KeyError Traceback (most recent call last) Cell In[6], line 2 1 start = time.time() ----> 2 stockdata = yf.download(ticker_list_r3000,'2021-1-1', group_by="ticker",auto_adjust=True, threads=True) 3 stockdata.index=pd.DatetimeIndex(stockdata.index) 4 print(time.time()-start)
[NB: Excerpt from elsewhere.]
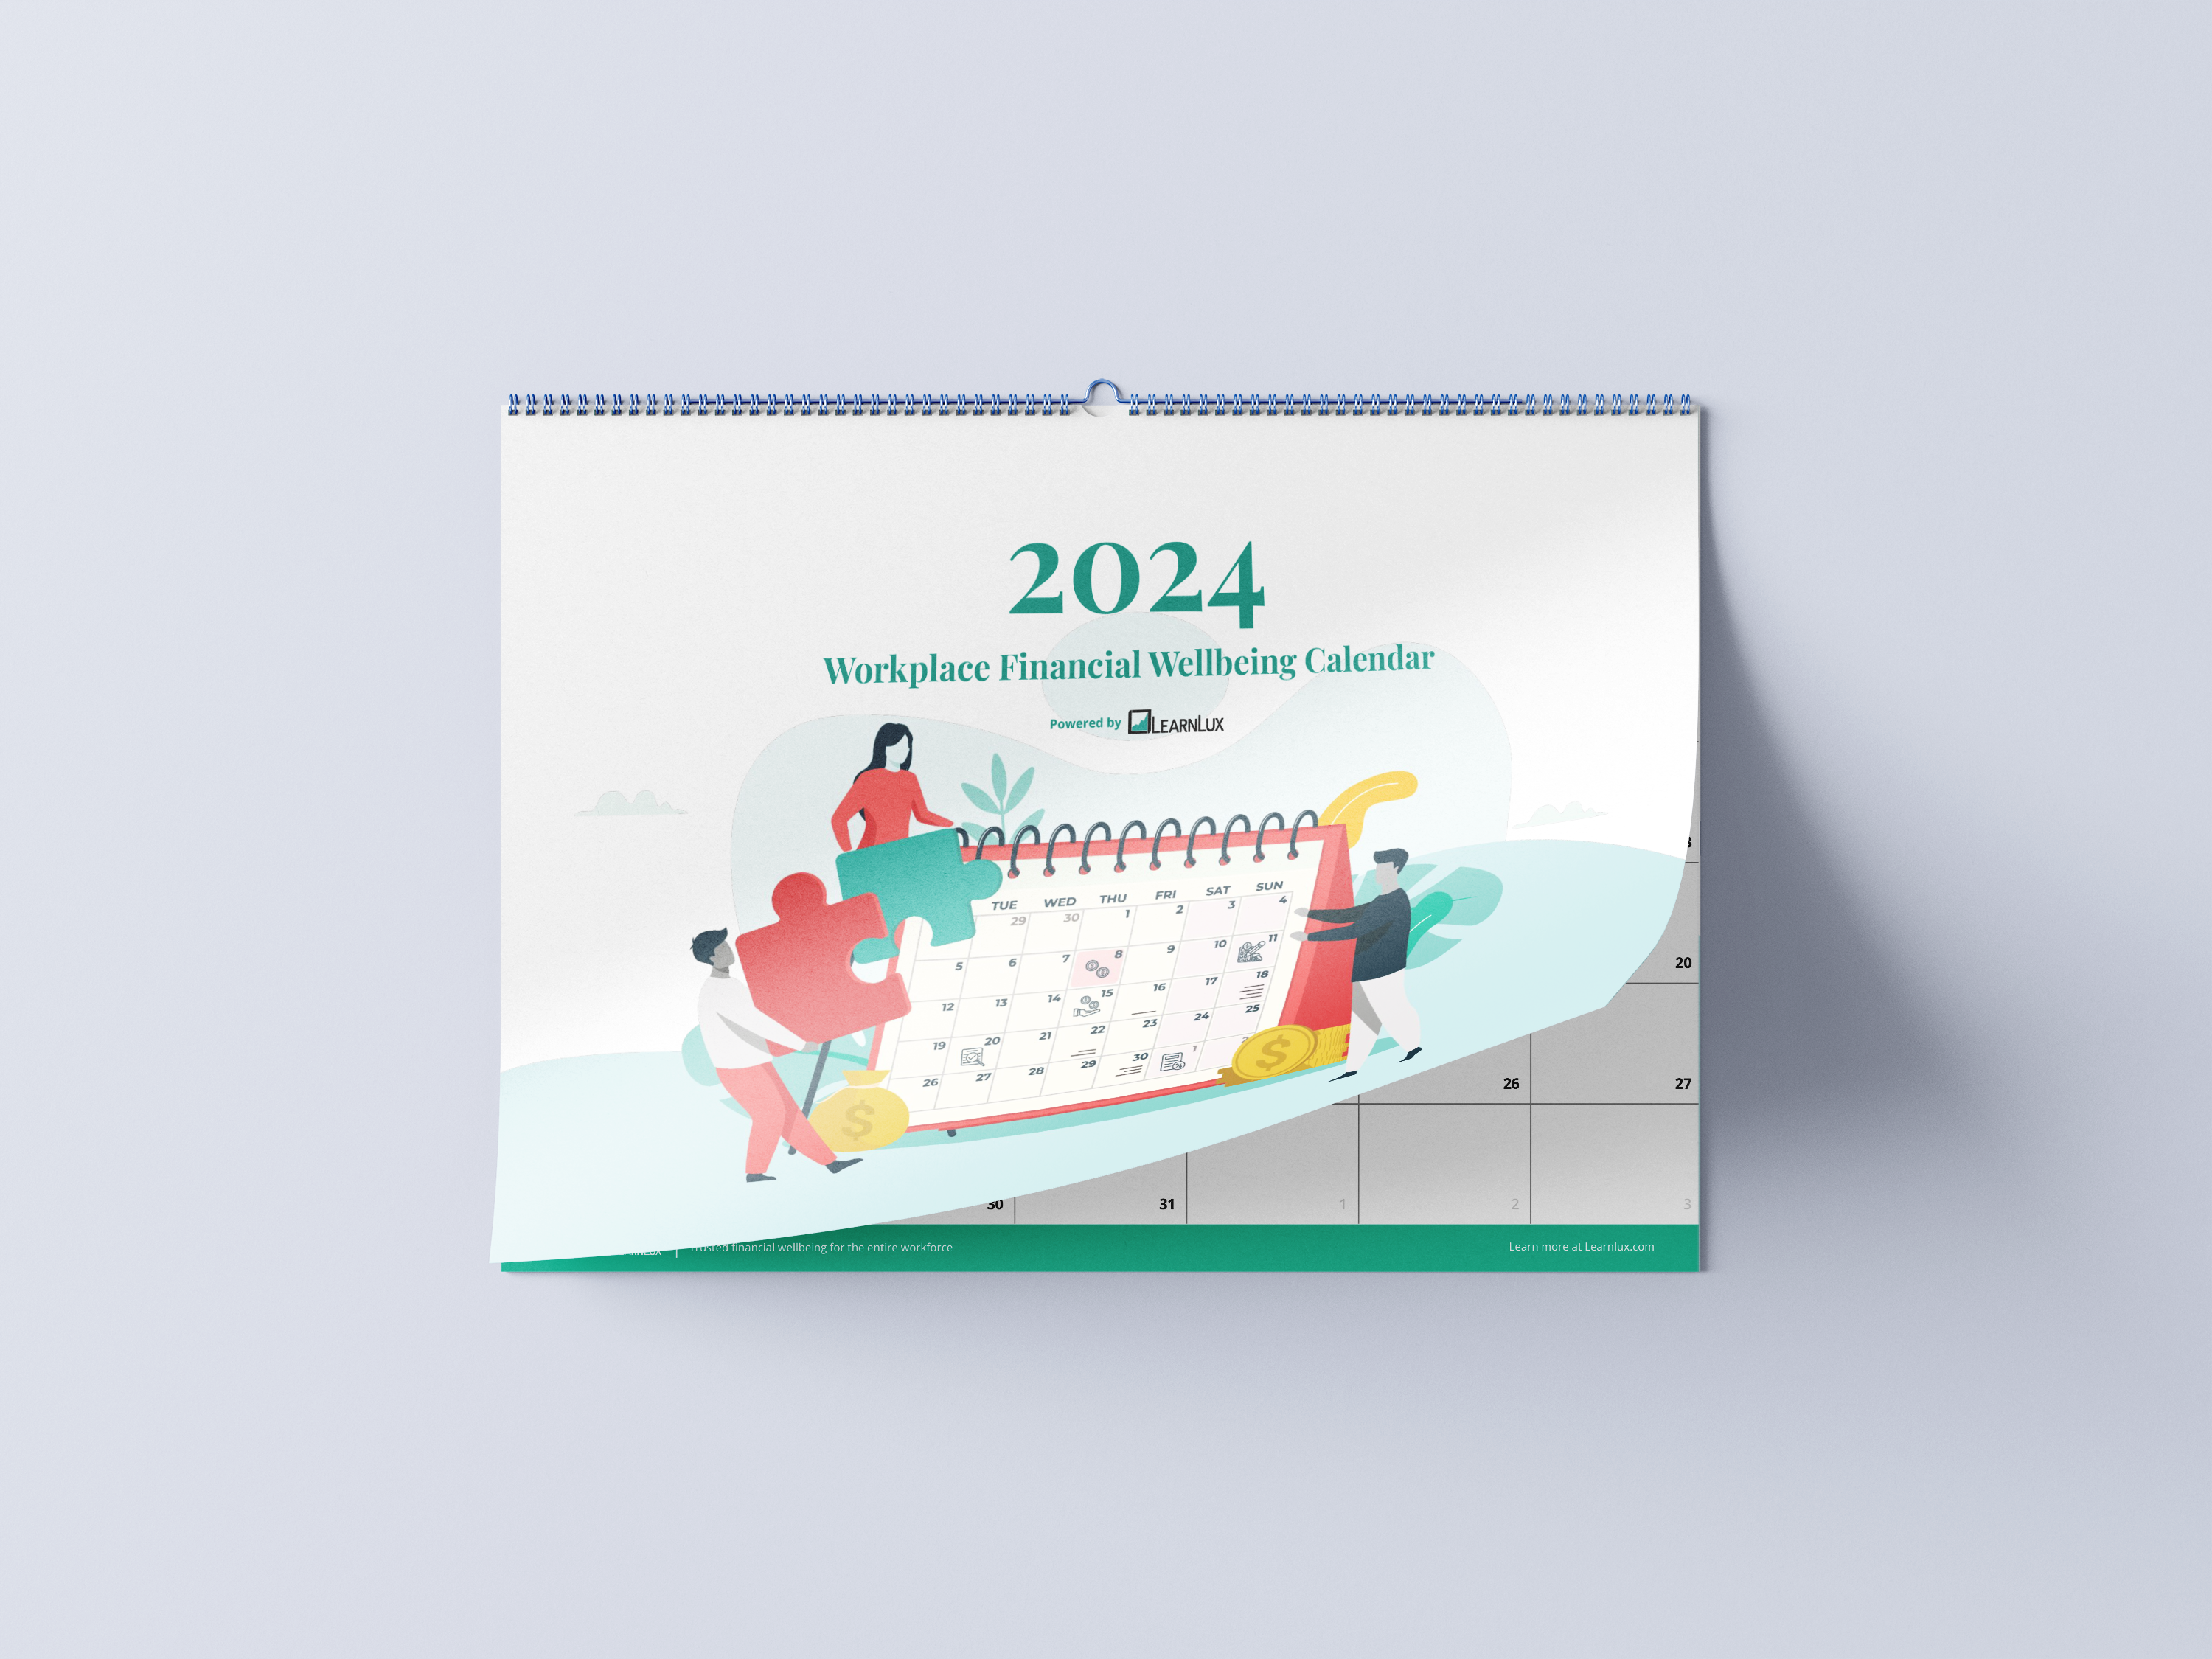 2023 workplace financial wellbeing calendar

File c:\Users\peter\AppData\Local\Programs\Python\Python311\Lib\site-packages\yfinance\multi.py:178, in download(tickers, start, end, actions, threads, ignore_tz, group_by, auto_adjust, back_adjust, repair, keepna, progress, period, show_errors, interval, prepost, proxy, rounding, timeout) 176 tbs = {} 177 for ticker in shared._ERRORS: --> 178 tb = shared._TRACEBACKS[ticker] 179 if not tb in tbs: 180 tbs[tb] = [ticker]

KeyError: 'SAFE WI'

PeterSchober005 commented 1 year ago

The problem is the following part: KeyError Traceback (most recent call last) Cell In[6], line 2 1 start = time.time() ----> 2 stockdata = yf.download(ticker_list_r3000,'2021-1-1', group_by="ticker",auto_adjust=True, threads=True) 3 stockdata.index=pd.DatetimeIndex(stockdata.index) 4 print(time.time()-start)
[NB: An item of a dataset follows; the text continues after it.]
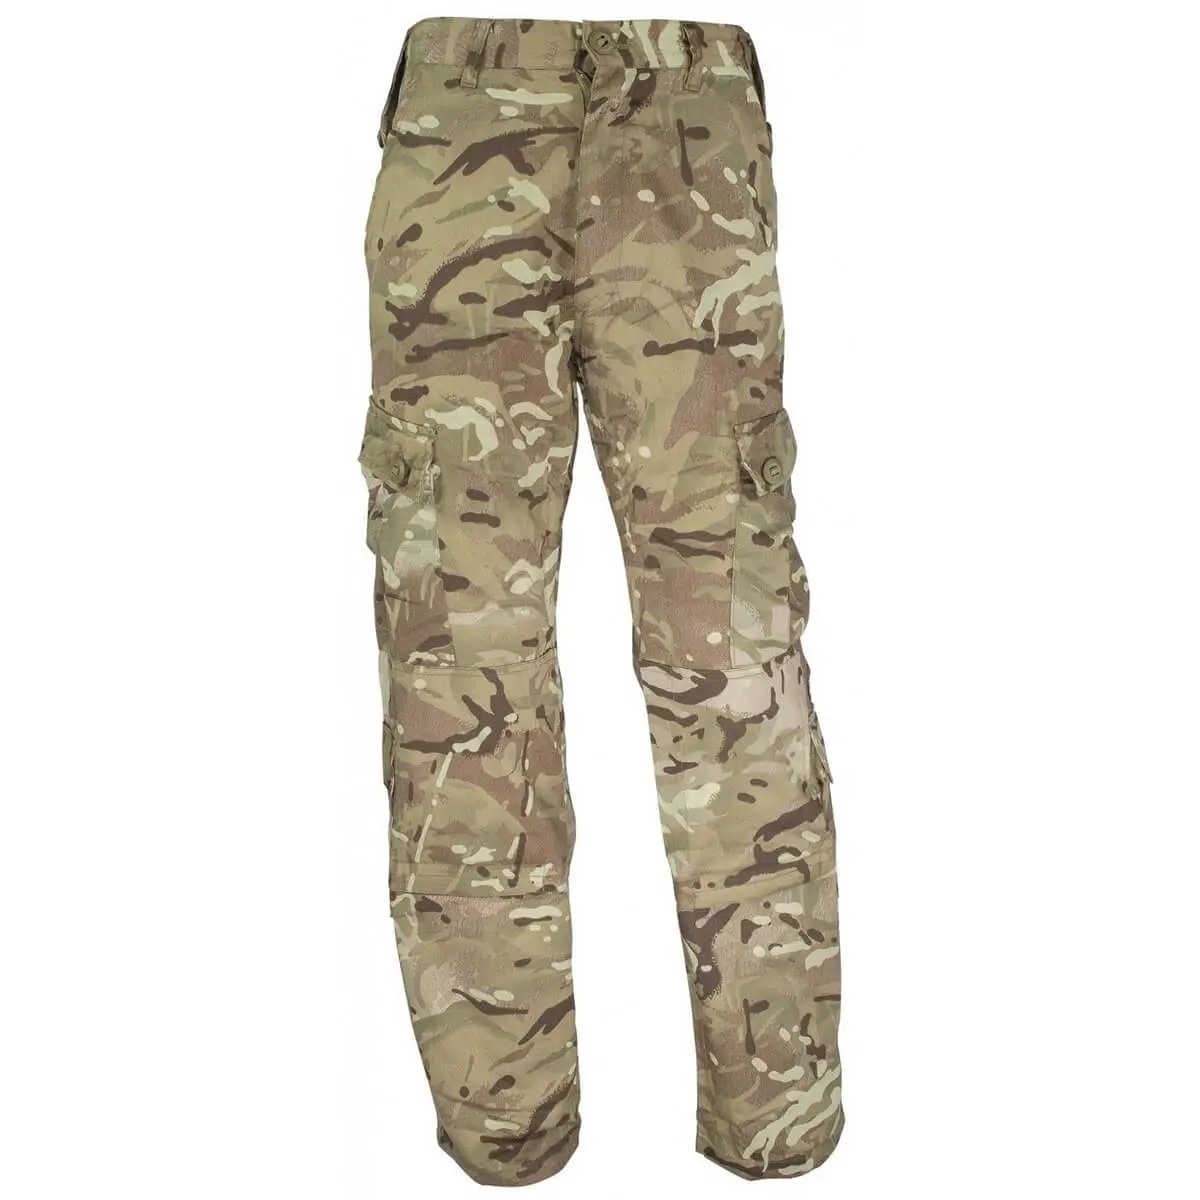 Highlander British Army Style Camo Combat Trousers - John Bull Clothing

File c:\Users\peter\AppData\Local\Programs\Python\Python311\Lib\site-packages\yfinance\multi.py:178, in download(tickers, start, end, actions, threads, ignore_tz, group_by, auto_adjust, back_adjust, repair, keepna, progress, period, show_errors, interval, prepost, proxy, rounding, timeout) 176 tbs = {} 177 for ticker in shared._ERRORS: --> 178 tb = shared._TRACEBACKS[ticker] 179 if not tb in tbs: 180 tbs[tb] = [ticker]

KeyError: 'SAFE WI'


The first part is ok... these "error messages" that some symbols might be problably have been delisted are ok... they were always there.
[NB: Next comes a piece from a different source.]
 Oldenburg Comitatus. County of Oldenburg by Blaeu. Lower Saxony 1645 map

ValueRaider commented 1 year ago

Questions: read https://github.com/ranaroussi/yfinance#timezone-cache-store. yfinance was trying to migrate from the old CSV-cache to newer SQL-cache. No CSV-cache = no migration.

'SAFE WI': problem should be obvious. If you think yfinance can handle it better then create a specific Issue.

PeterSchober005 commented 1 year ago

@ValueRaider

I re-installed the latest release-version of yfinance and it is running like silk. It is not leading to the bug like the pre-release version!

Input: start = time.time() stockdata = yf.download(ticker_list_r3000,'2021-1-1', group_by="ticker",auto_adjust=True, threads=True) stockdata.index=pd.DatetimeIndex(stockdata.index) print(time.time()-start)

Output: [*100%***] 2634 of 2634 completed

25 Failed downloads:


There is no more bug like in https://github.com/ranaroussi/yfinance/issues/1526#issuecomment-1559588523!

There has also not been a bug in previous versions! The output simply said that there were a couple of failed downloads but nevertheless, the download was completed and the dataframe was constructed. The pre-release version generates a bug once there is a failed download.

Hence, can you please allow future versions of yfinance to continue the download without generating a bug if it fails to download certain symbols?

Once again, a very big thank you, @ValueRaider !

ValueRaider commented 1 year ago

Hence, can you please allow future versions of yfinance to continue the download without generating a bug if it fails to download certain symbols?

Me? No. Create a specific Issue and maybe someone can implement.

PeterSchober005 commented 1 year ago

Just did: https://github.com/ranaroussi/yfinance/issues/1537

I hope the issue is clear... Whenever a long list of tickers is passed to yf.download, chances are that some tickers will fail to be downloaded. In this case, yf.download shoould not generate a bug like in the pre-release version 0.2.19b3 but continue its behaviour like in 0.2.18.